**TASK BRIEF:**
Reproduce, character for character, the lines below from the first through the one with "La Confédération générale". Leave pictures out.

** INFORMATION SUPPLIED follows **

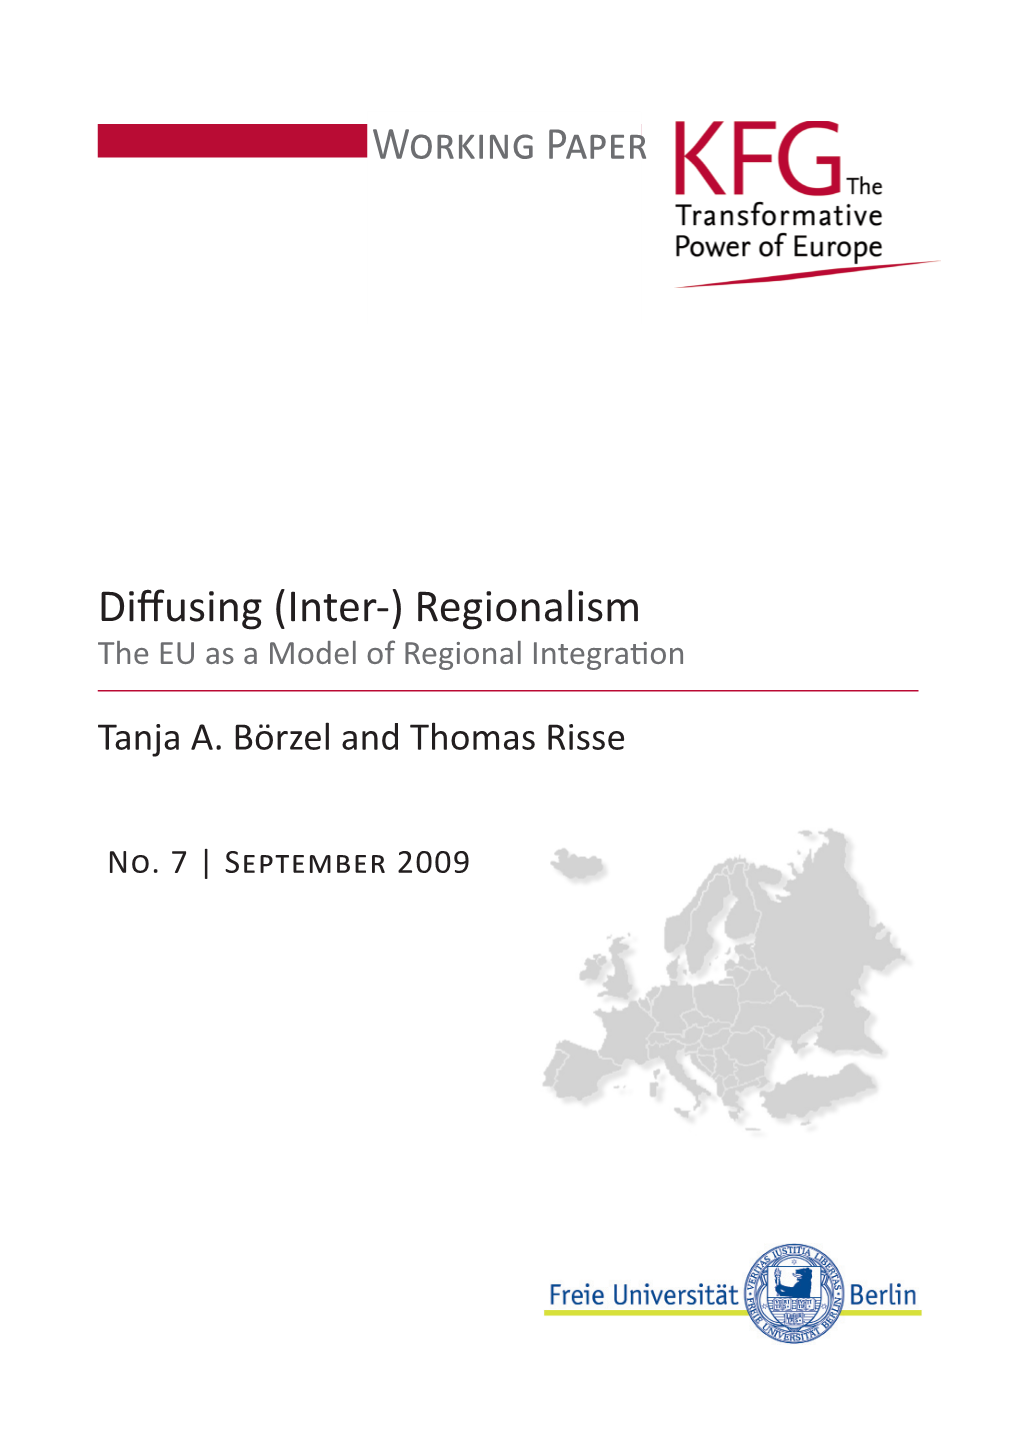 (Inter-) Regionalism Working Paper
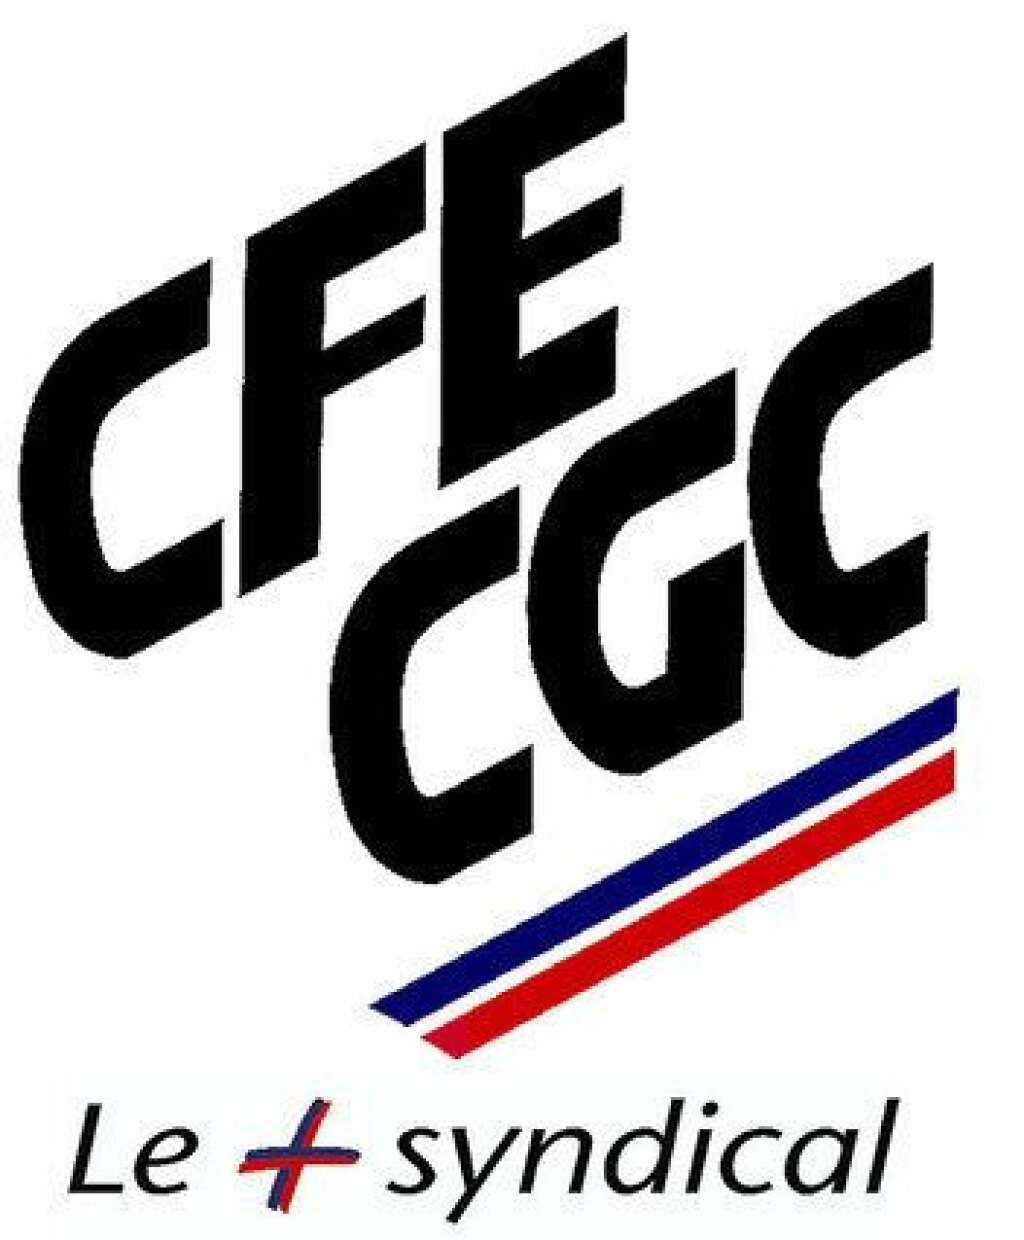 La Confédération générale des cadres (CFE-CGC) - Fondée en 1944, la Confédération française de l'encadrement - Confédération générale des cadres (CFE/CGC) représente les intérêts des cadres dans les entreprises publiques ou privées.   Officiellement apolitique, elle est classée parmi les syndicats dits "réformistes".   Sa présidente actuelle est Carole Couvert.
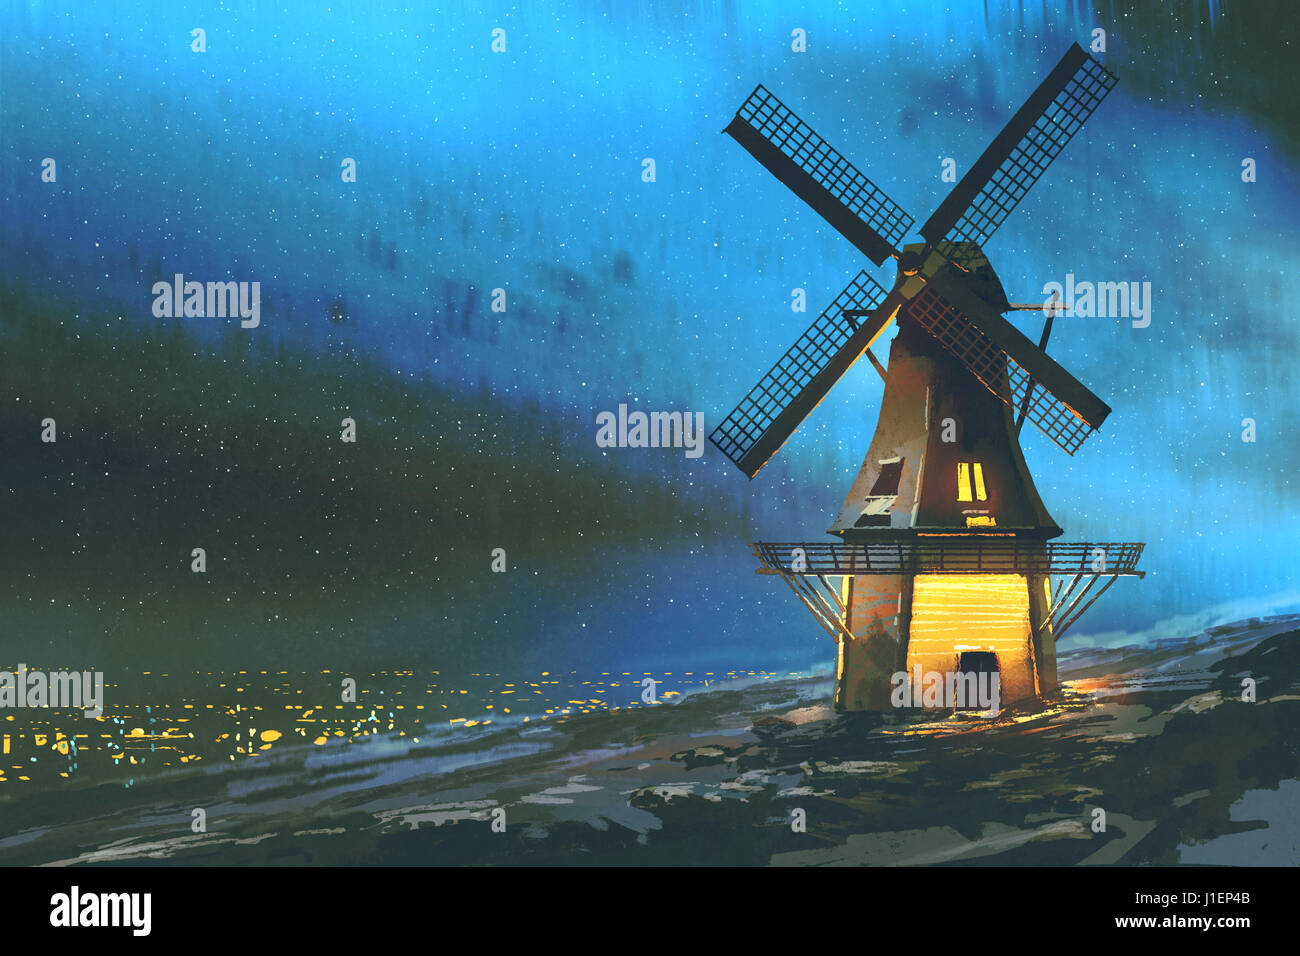 Arte digitale del paesaggio di notte con il mulino a vento sulla montagna in inverno, illustrazione pittura Foto Stock

** End of INFORMATION SUPPLIED **

**TASK RESPONSE:**
 (Inter-) Regionalism Working Paper
 La Confédération générale des cadres (CFE-CGC) - Fondée en 1944, la Confédération française de l'encadrement - Confédération générale des cadres (CFE/CGC) représente les intérêts des cadres dans les entreprises publiques ou privées.   Officiellement apolitique, elle est classée parmi les syndicats dits "réformistes".   Sa présidente actuelle est Carole Couvert.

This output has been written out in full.